> **YOUR OBJECTIVE**: Give back, exactly as written, the lines of the listing from the top through the line holding "Lieutenant Gen. Richard", and nothing more. Exclude pictures.

> **MATERIAL PROVIDED**:

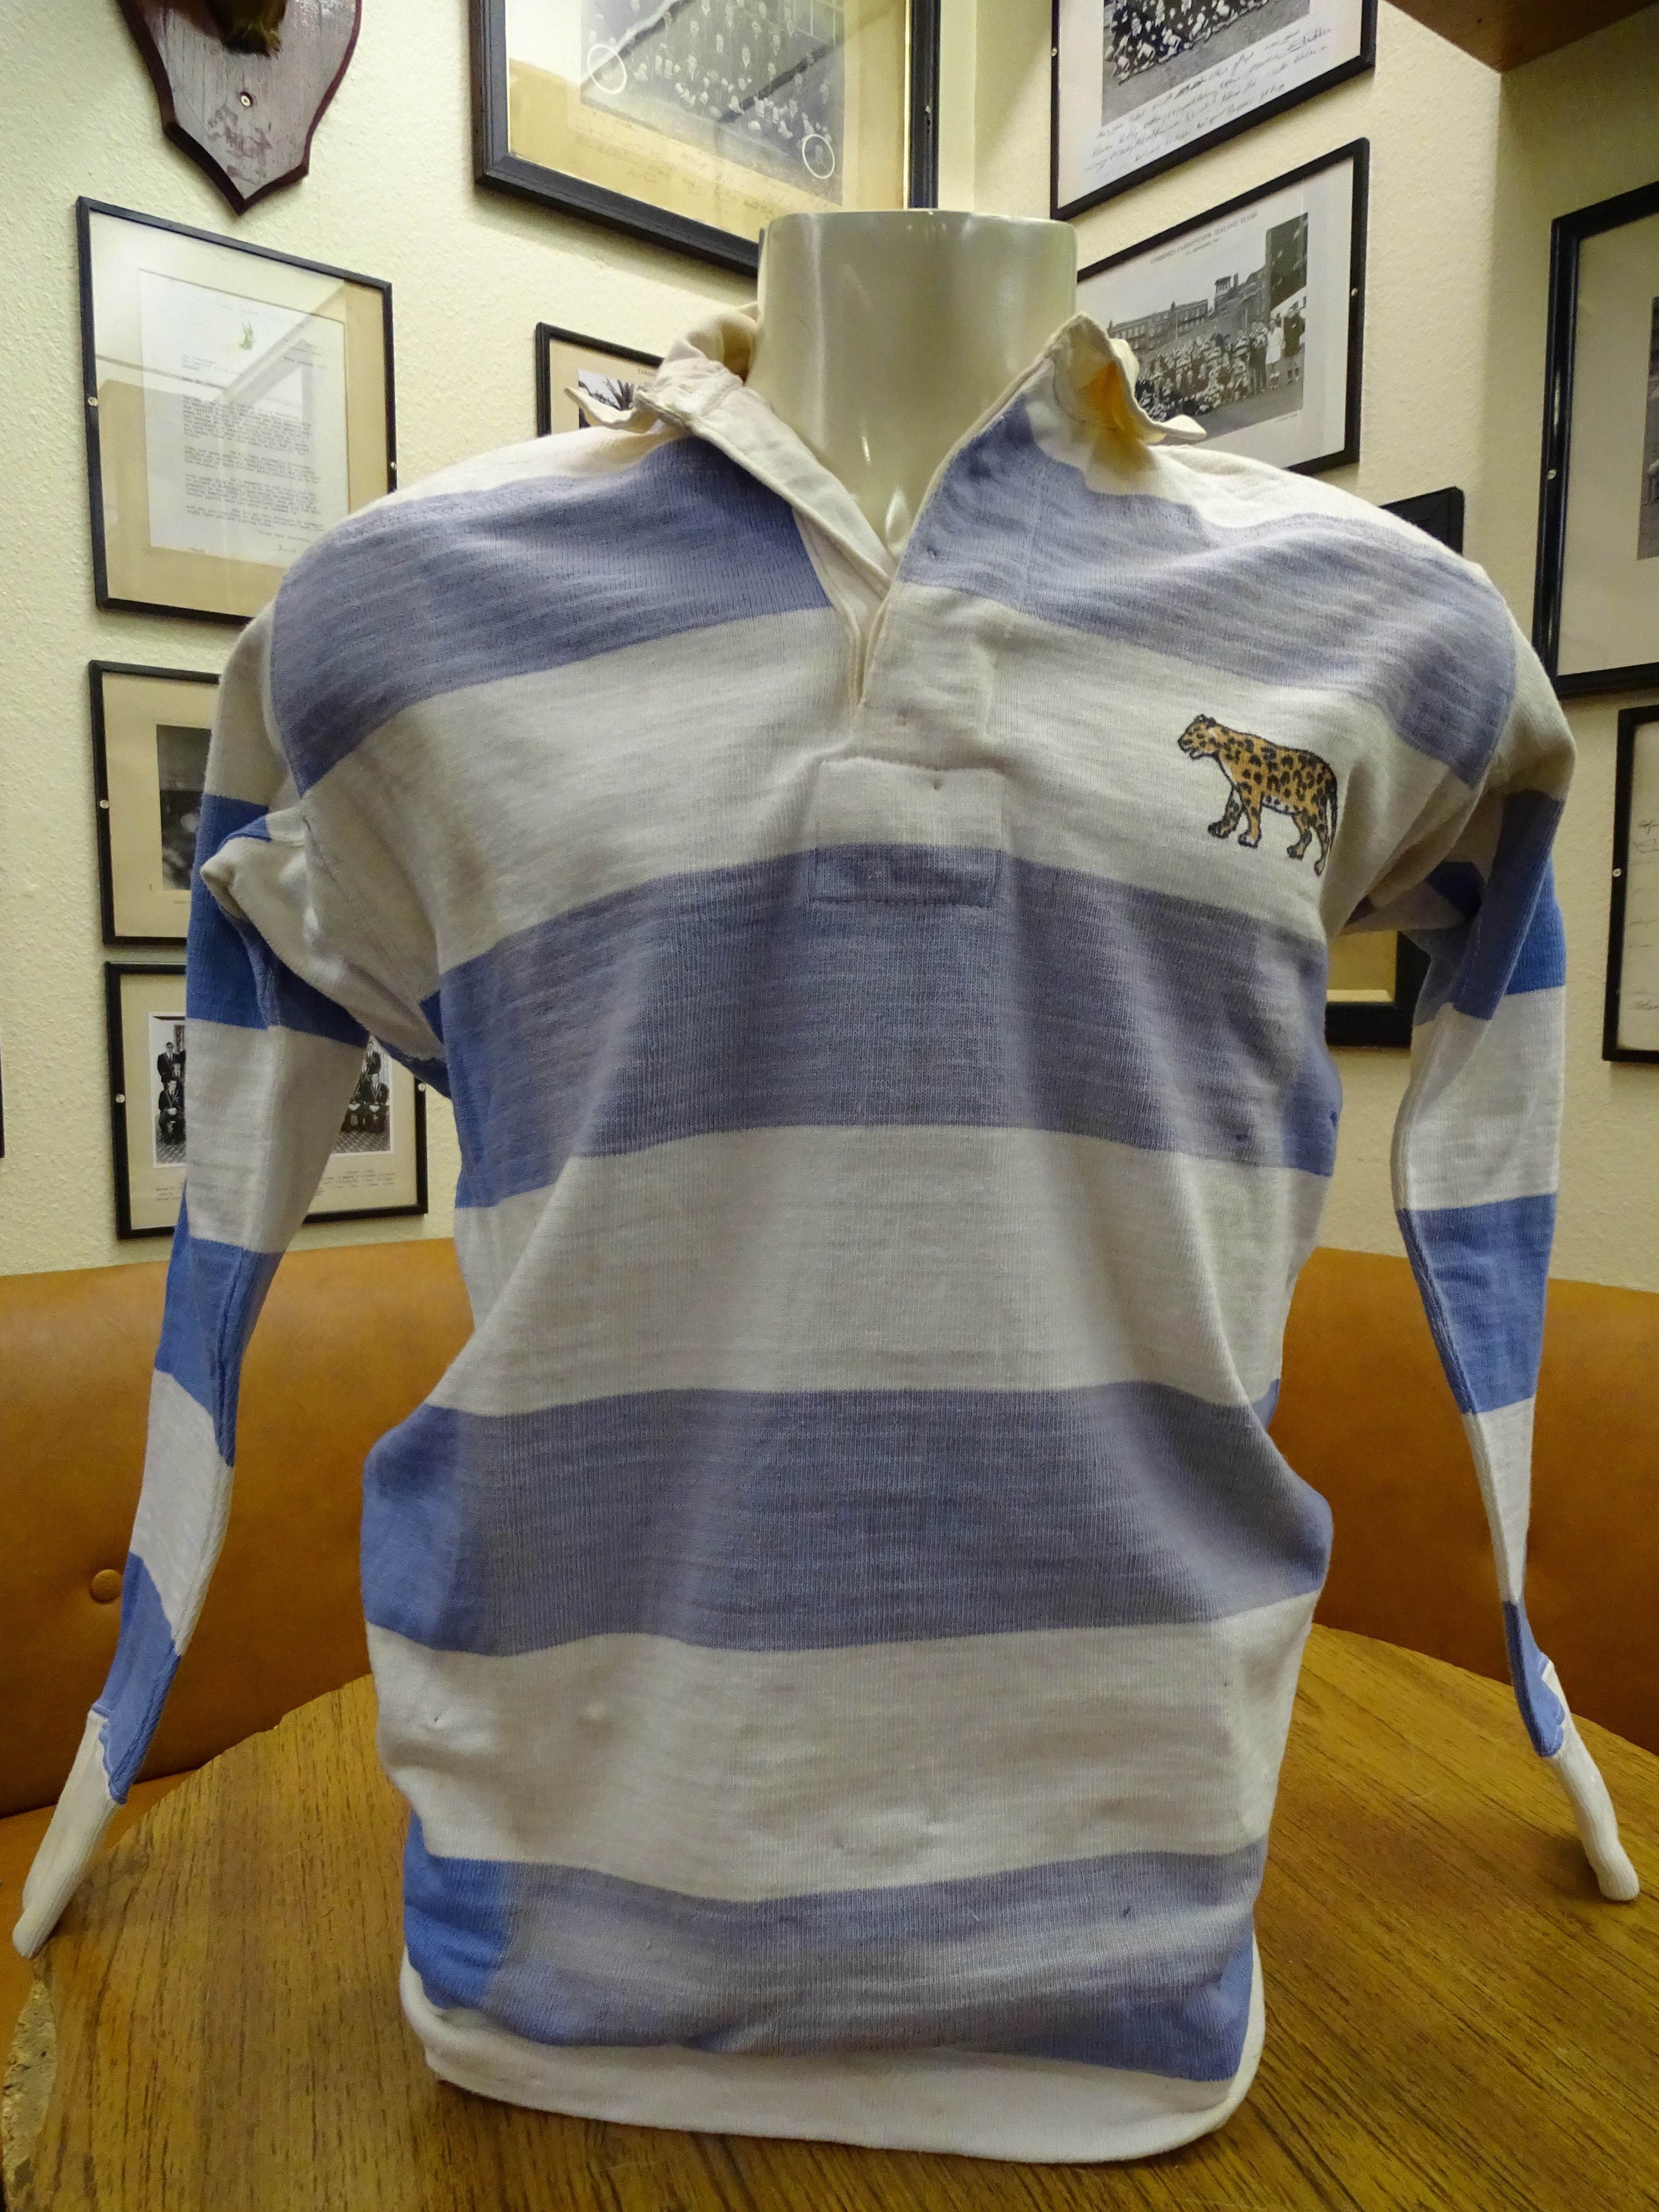 Jersey - Argentina 1976 | Cardiff Rugby Museum
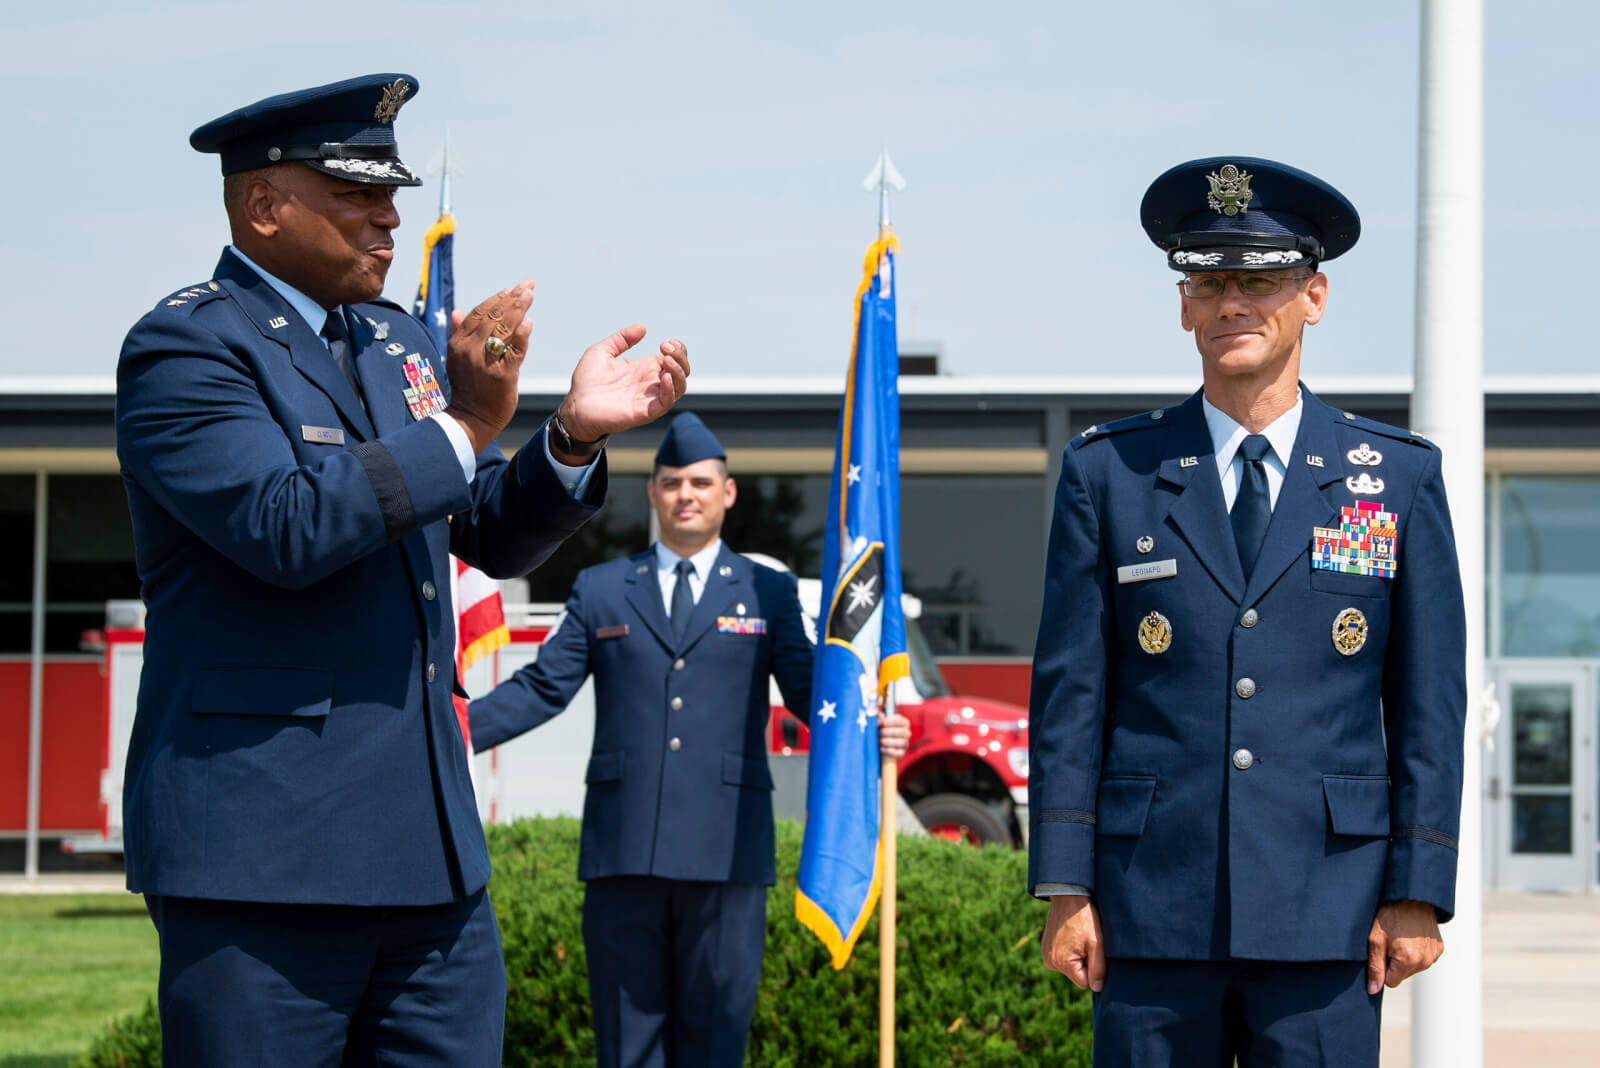 Lieutenant Gen. Richard Clark, superintendent of the Air Force Academy (left), and Col. Christopher Leonard, commander of the 10th Air Base Wing, June 18, 2021
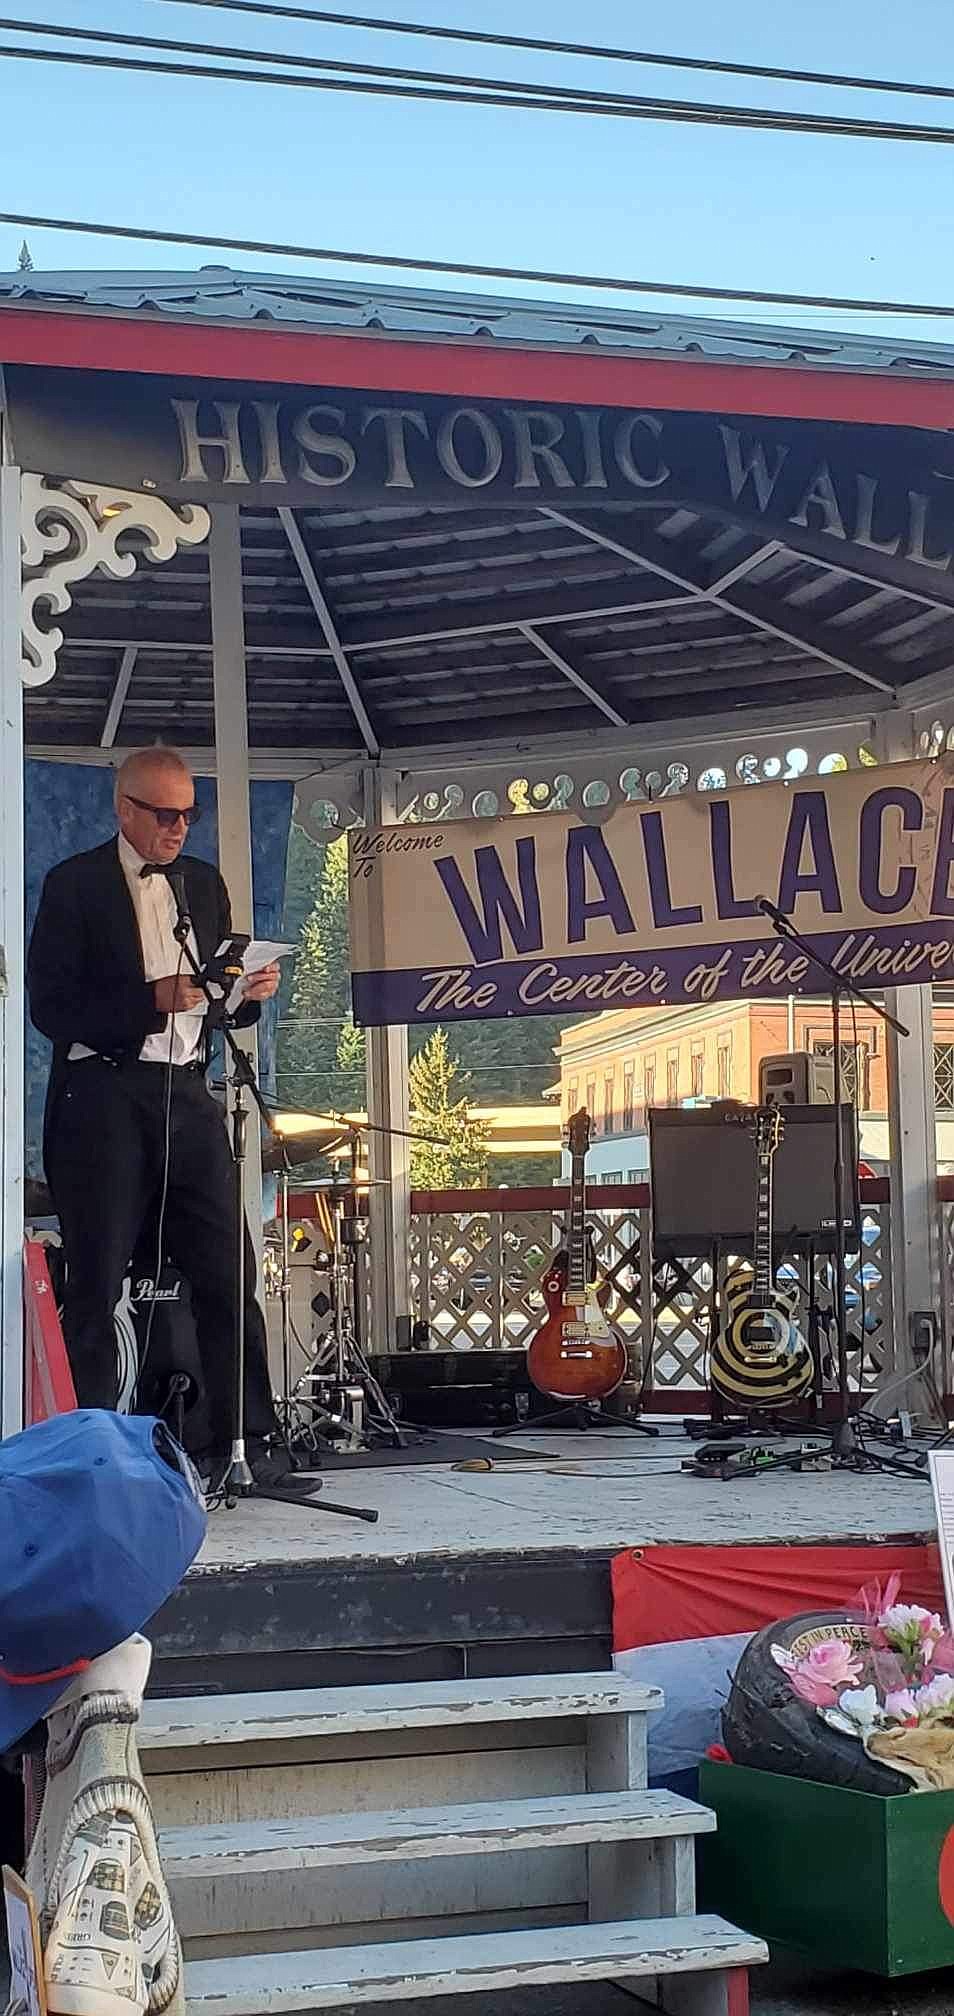 Live music and a putt-putt tournament were all part of the fun Sept. 16 as the city of Wallace celebrated being the "Center of the Universe."
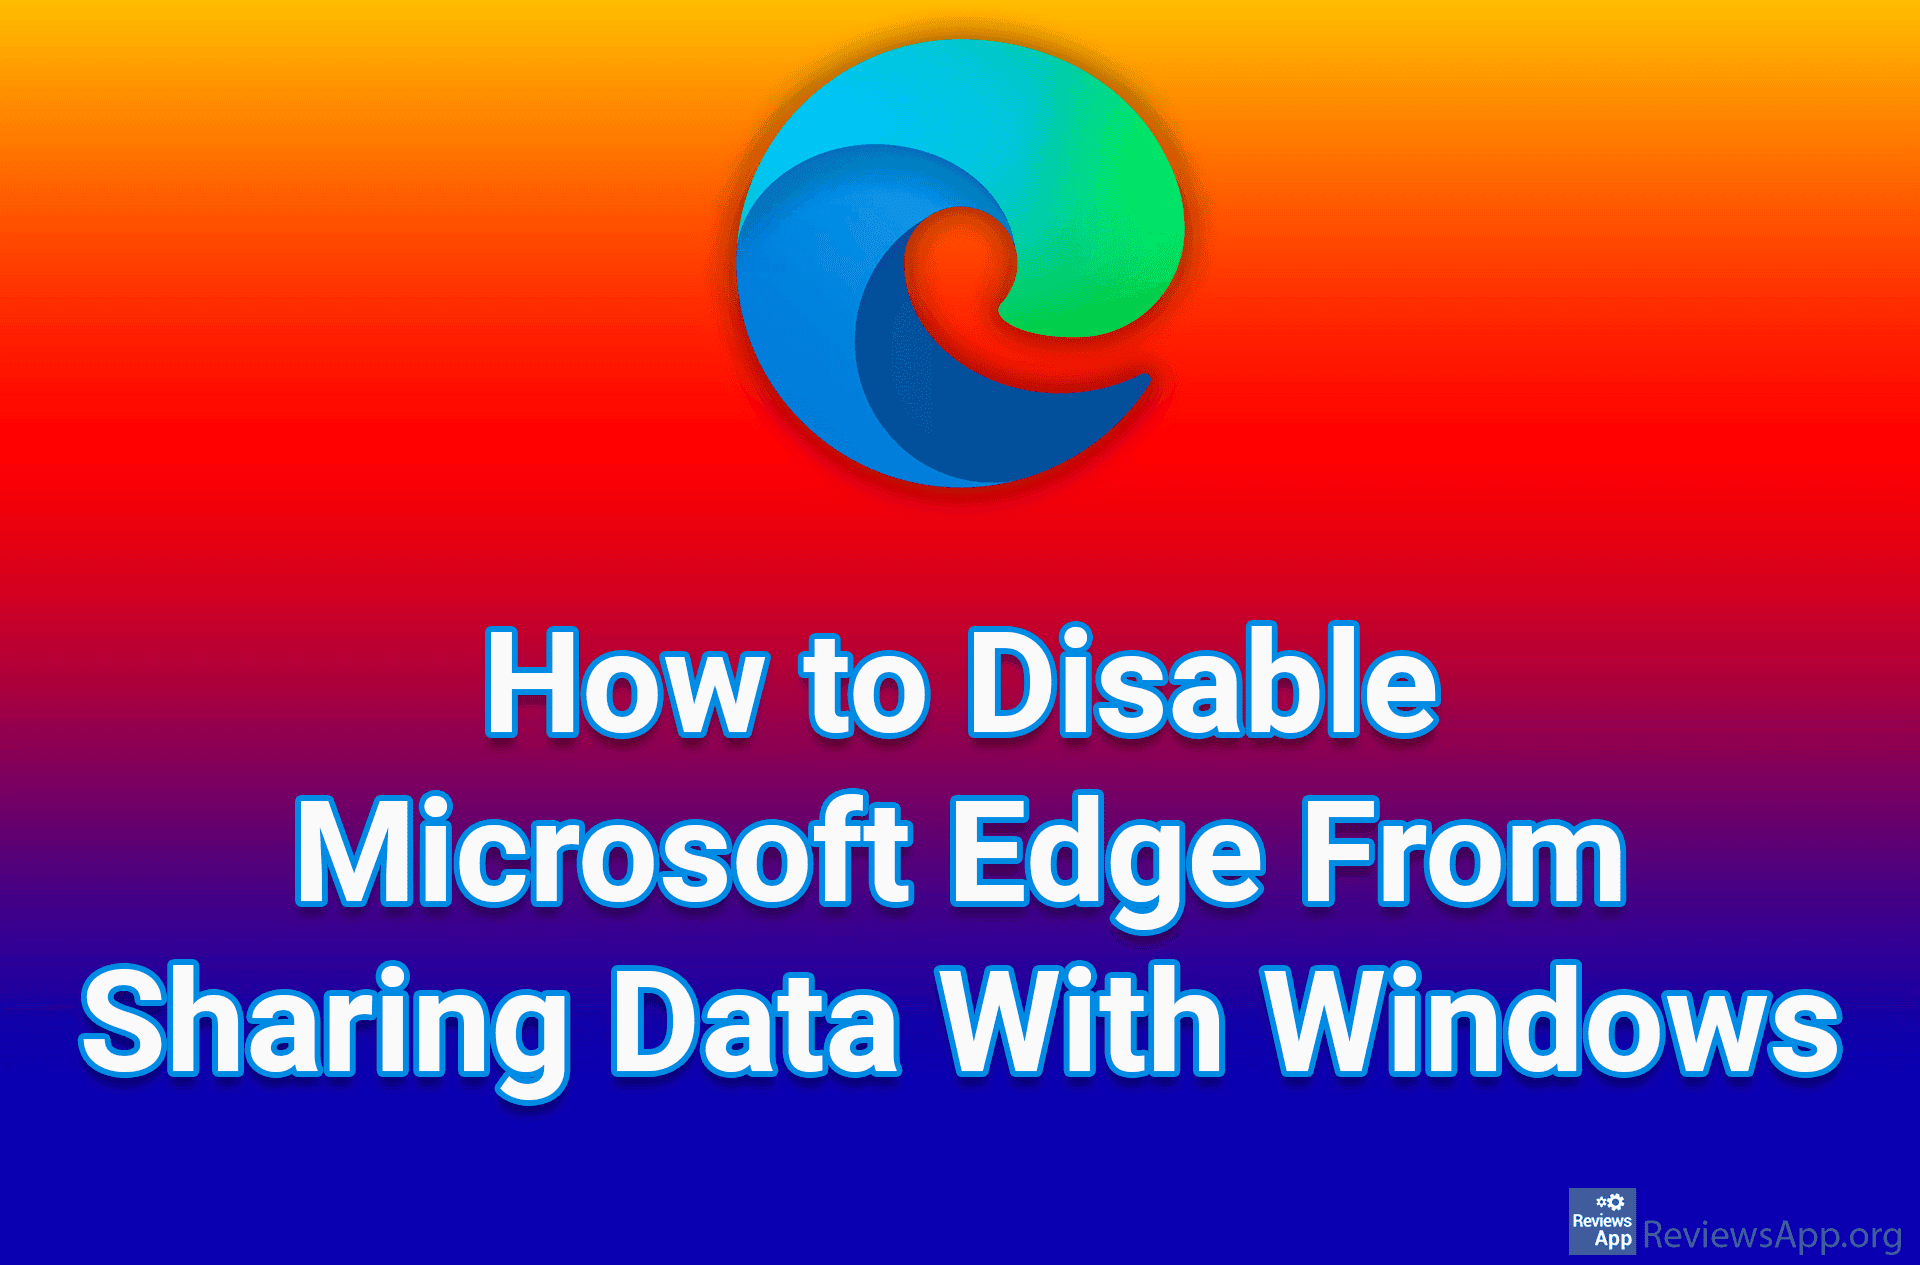 How to Disable Microsoft Edge From Sharing Data With Windows

> **PROBLEM SOLUTION**:
 Jersey - Argentina 1976 | Cardiff Rugby Museum
 Lieutenant Gen. Richard Clark, superintendent of the Air Force Academy (left), and Col. Christopher Leonard, commander of the 10th Air Base Wing, June 18, 2021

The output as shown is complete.